Tetravalent Dengue Vaccine for Children

Source Citation: Villar L, Dayan GH, Arredondo-García J, Rivera DM, Cunha R, Deseda C, et al. Efficacy of a tetravalent dengue vaccine in children in Latin America. N Engl J Med. 2015;372:113-23.

Section Editor: Abhijeet Saha


Summary

In this phase-3 efficacy trial of a tetravalent dengue vaccine in five Latin American countries, 20,869 healthy children between the ages of 9 and 16 years were randomly assigned in a 2:1 ratio to receive three injections of recombinant, live attenuated, tetravalent dengue vaccine (CYD-TDV) or placebo at months 0, 6, and 12 under blinded conditions, and followed for 25 months. The primary outcome was vaccine efficacy against symptomatic, virologically-confirmed dengue occurring more than 28 days after the third injection. At baseline, 79.4% of an immunogenicity subgroup of 1944 children had seropositive status for one or more dengue serotypes. In the per-protocol population, there were 176 dengue cases (with 11,793 person-years at risk) in the vaccine group and 221 dengue cases (with 5,809 person-years at risk) in the control group, for a vaccine efficacy of 60.8% (95% CI 52.0%, 68.0%). Serotype-specific vaccine efficacy was 50.3% for serotype 1, 42.3% for serotype 2, 74.0% for serotype 3 and 77.7% for serotype 4. Among the severe confirmed dengue cases, 1 of 12 was in the vaccine group, for an intention-to-treat vaccine efficacy of 95.5%. Vaccine efficacy against hospitalization for dengue was 80.3%. The authors concluded that CYD-TDV dengue vaccine was efficacious against virologically-confirmed dengue infection, including severe disease.

Commentaries

Evidence-based Medicine Viewpoint

Relevance: Dengue is a common and serious infection in many parts of the world, including India [1]. An effective vaccine against dengue is eagerly awaited. This randomized controlled trial (RCT) of a tetravalent dengue vaccine, conducted in five South American countries [2], suggests progress towards a safe and effective vaccine. It also provides an excellent opportunity to learn about well-conducted RCTs, and vaccine trials in particular.

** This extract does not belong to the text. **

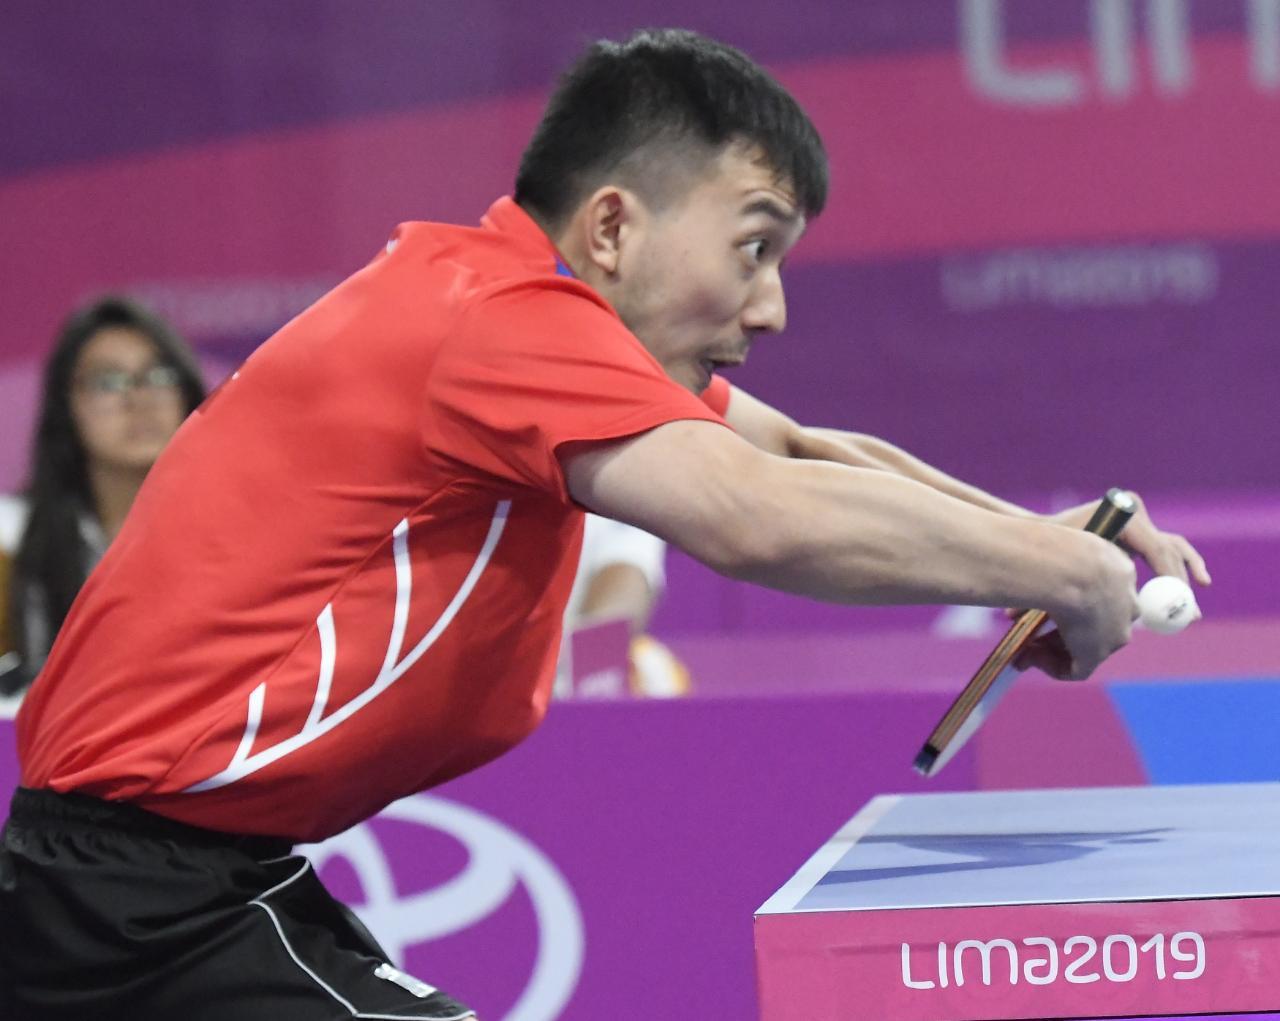 Jiaji Wu se queda con plata en sencillos tenis de mesa en Panam

Critical appraisal: A detailed critical appraisal is presented in Table I. Most of the criteria for a trial with low risk of bias are fulfilled.

Extendibility: The data in this RCT can be extrapolated to similar epidemiologic settings in terms of disease endemicity, burden of infection, and affected population group. Prior to initiating a similar trial in India (which is highly likely given the trends of new vaccine trials in recent years), an estimation of burden of disease, age-specific infection rate, hospitalization rate, mortality rate, and complication rate of dengue should be calculated (at least in the areas believed to have significant burden). The lack of efficacy among sero-negative individuals and slightly higher local adverse reactions also advocate in favour of further evaluation of efficacy and safety.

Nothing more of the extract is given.